Water Act 2014 receives Royal Assent

Close-up of waves on water Print publication


The Water Act 2014 (the Act) received Royal Assent on 14 May 2014, bringing important changes to water industry operation and management of water resources; increasing current environmental regulation requirements; introducing measures to stimulate a free market in the sector; and establishing the framework for the forthcoming residential flood reinsurance scheme (‘Flood Re’). While a number of the Act’s provisions focus on increasing sectoral competition and responding to consumers’ needs – and so are likely to receive the most initial public interest – the practical and commercial implications should not be ignored by property owners, occupiers and developers with an interest in relevant land.

In the main, the Act amends the Water Industry Act 1991 (the WIA), but also impacts on other associated legislation. Adoption agreements under WIA are one element affected. Water and sewerage undertakers have previously been free to enter into agreements to adopt water mains and service pipes, or sewers, drains or sewage disposal works at a future date, provided they are constructed in accordance with the agreement – as per section 51A and section 104 of the WIA respectively. However, going forward, it will also be possible for the Water Services Regulation Authority (Ofwat) to order an undertaker to adopt relevant mains, pipes and infrastructure. Provided Ofwat is satisfied that (a) it is appropriate for the applicant to carry out the initial work rather than the undertaker themselves, and (b) it is not possible for an adoption agreement to be reached between the parties in a reasonable time, it will issue an order for adoption in accordance with specified terms and conditions. This provides a potentially useful mechanism for landowners and developers, where previous adoption requests have been ignored or refused.  However, the statutory language leaves it unclear whether this can also be applied to sustainable drainage systems (SUDS) and other less traditional infrastructure for foul water management.

Ofwat’s powers in relation to section 51A and section 104 agreements are also increased so the regulator can:

  • make an order to vary or terminate an agreement, on the application of a party to the document;
  • issue codes and guidance relating to agreements;
  • stipulate the procedure to be followed where minor or urgent revisions are necessary; and
  • establish the charges that can be imposed by the relevant undertaker when entering into a section 51A or section 104 arrangement.

Sewerage undertakers will now have the right to build and maintain SUDS, provided they are intended to improve the management of surface water entering the public sewers – be this by reducing the overall volume or slowing entry rates. This right exists vis-a-vis both an undertaker’s own land or land belonging to someone else. Developers and landowners already face considerable burdens where construction works are such that the proposed drainage system falls under the SUDS approval regime. The regime can necessitate additional lead time; setting aside of suitable SUDS land; heightened costs for the approval application, non-performance bond and ongoing maintenance; and potentially restricts subsequent alteration or removal of SUDS. That an undertaker now also has its own independent SUDS rights on third party land may bring added complications and difficulties.

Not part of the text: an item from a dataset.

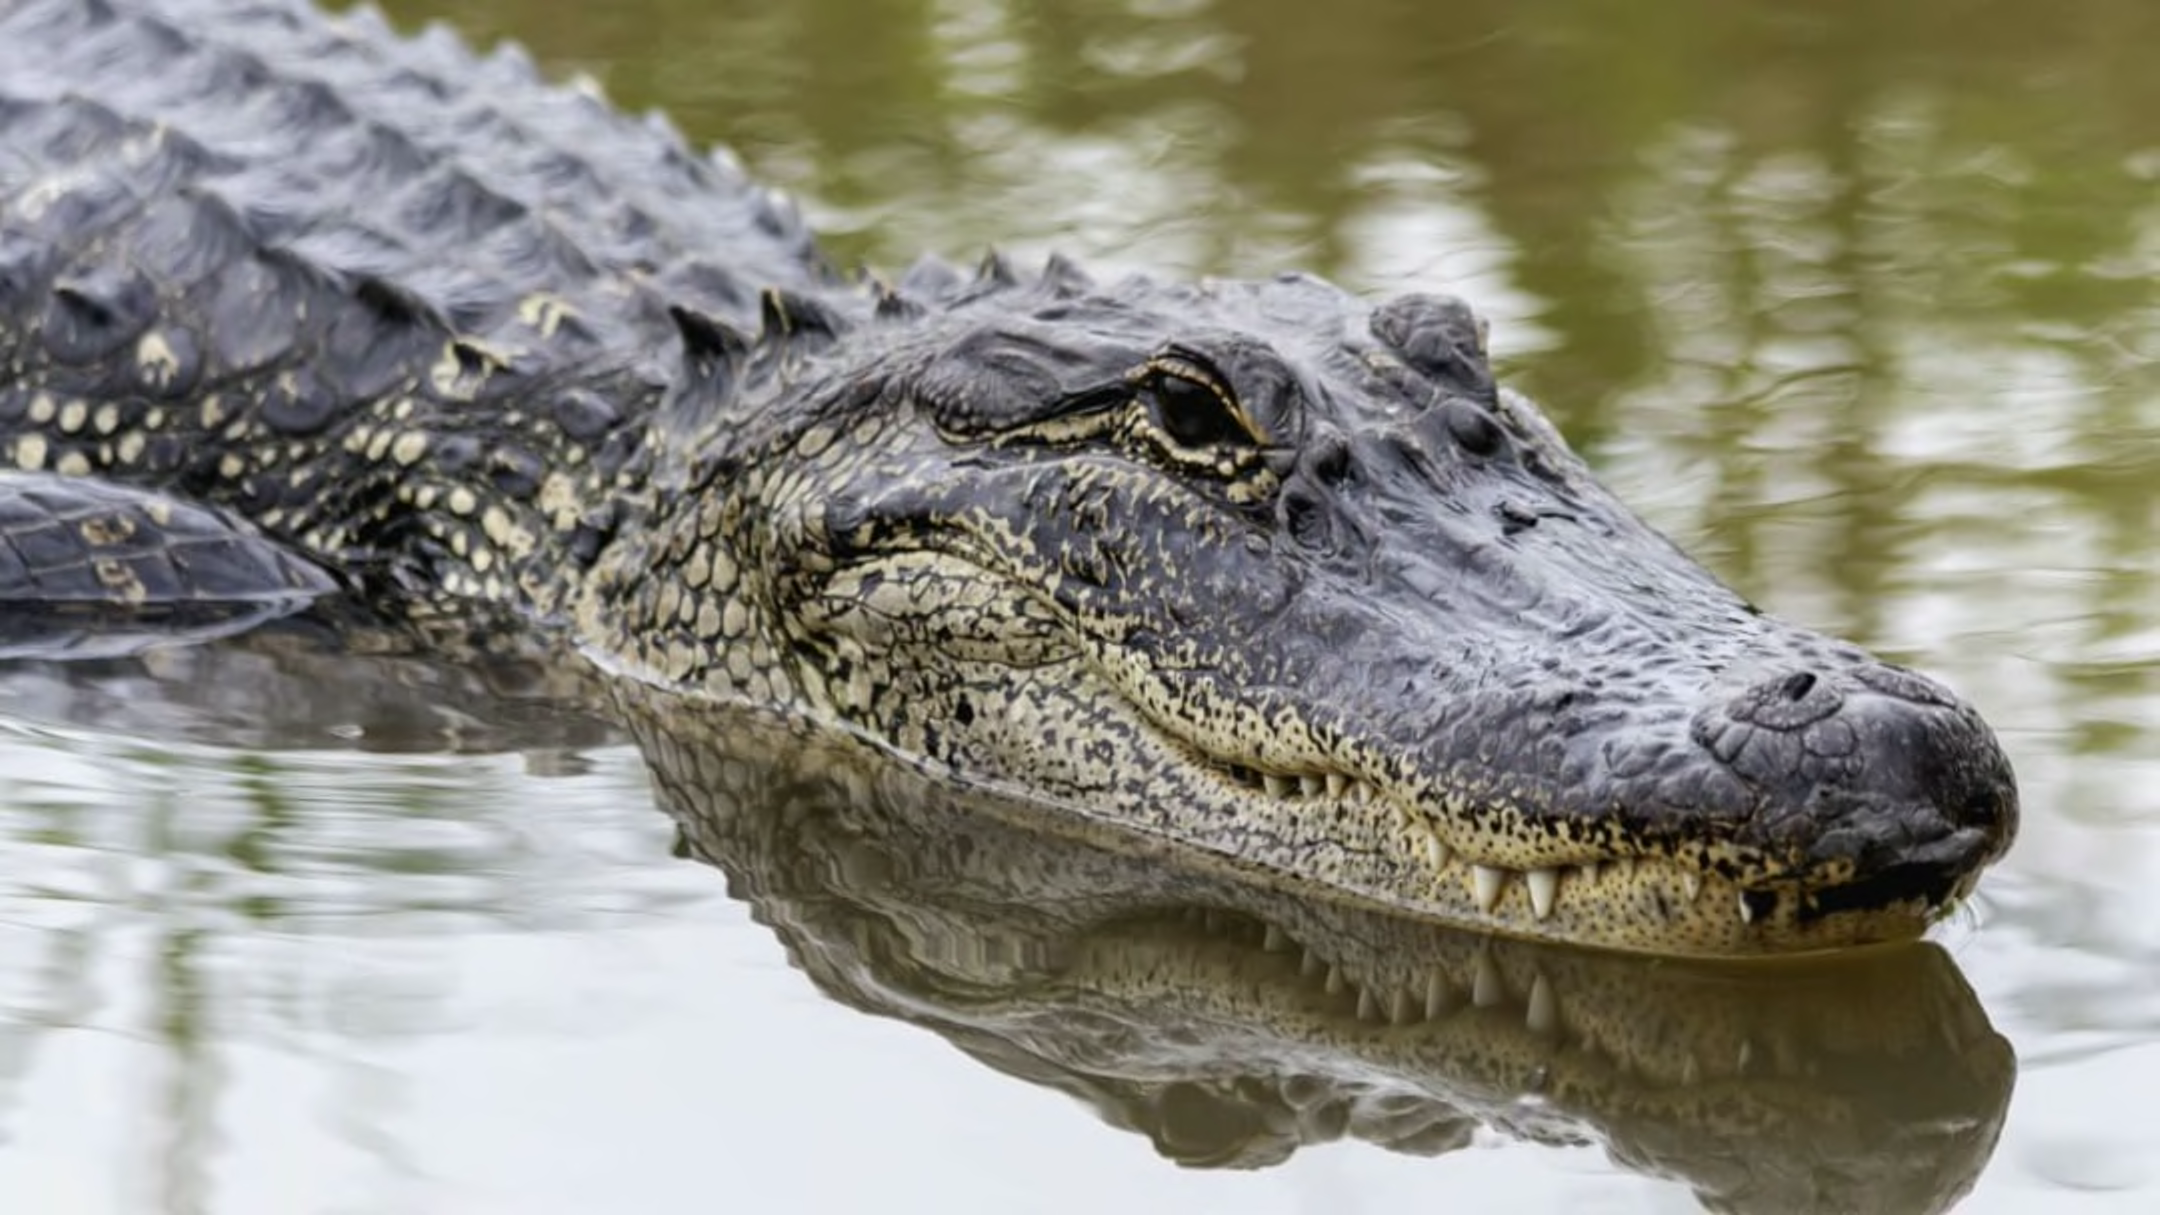 Alligator drifting in the water

In addition, a significant potential change comes with the Secretary of State’s new power to make regulations for certain licences and consents being regarded as environmental permits (EPs) under current EP provisions. Water abstraction licences, water impounding licences, fish passes/screen requirements, and flood defence consents would all be incorporated within the existing EP regime. It is to be hoped the Government acts promptly to introduce such regulations, taking into account the likely benefits in terms of simplifying the existing permitting procedure, avoiding duplication, and enabling various activities to be covered by a single permit (where appropriate).

In addition to its increased powers mentioned above, Ofwat is placed under a new duty via section 22 of the Act to “further the resilience objective”. In essence, this means the regulator must secure:

  • the long-term resilience of water supply and sewerage systems against environmental pressures, population growth and changing consumer behaviour;
  • action from undertakers to ensure the above;
  • suitable long-term planning and investment from relevant undertakers; and
  • undertakers’ commitment to measures to manage water in a sustainable and efficient way, reducing demand for and pressure on existing resources.

The impact this is likely to have on undertakers and, in turn, landowners, occupiers and developers will only become apparent in the longer-term.

The Act enables the government to implement some of the proposals for future operation of the water sector and management of water resources that were outlined in the Department for Environment, Food and Rural Affairs’ White Paper (‘Water for Life’) published in December 2011. Exactly when a number of the Act’s provisions, such as Ofwat’s increased powers, will come into force is still to be decided. In some instances, further consultations will be required before changes are made and the effects are felt. It remains to be seen whether the Act will ensure improved innovation, efficiency, and sustainability in the management and control of water resources as intended.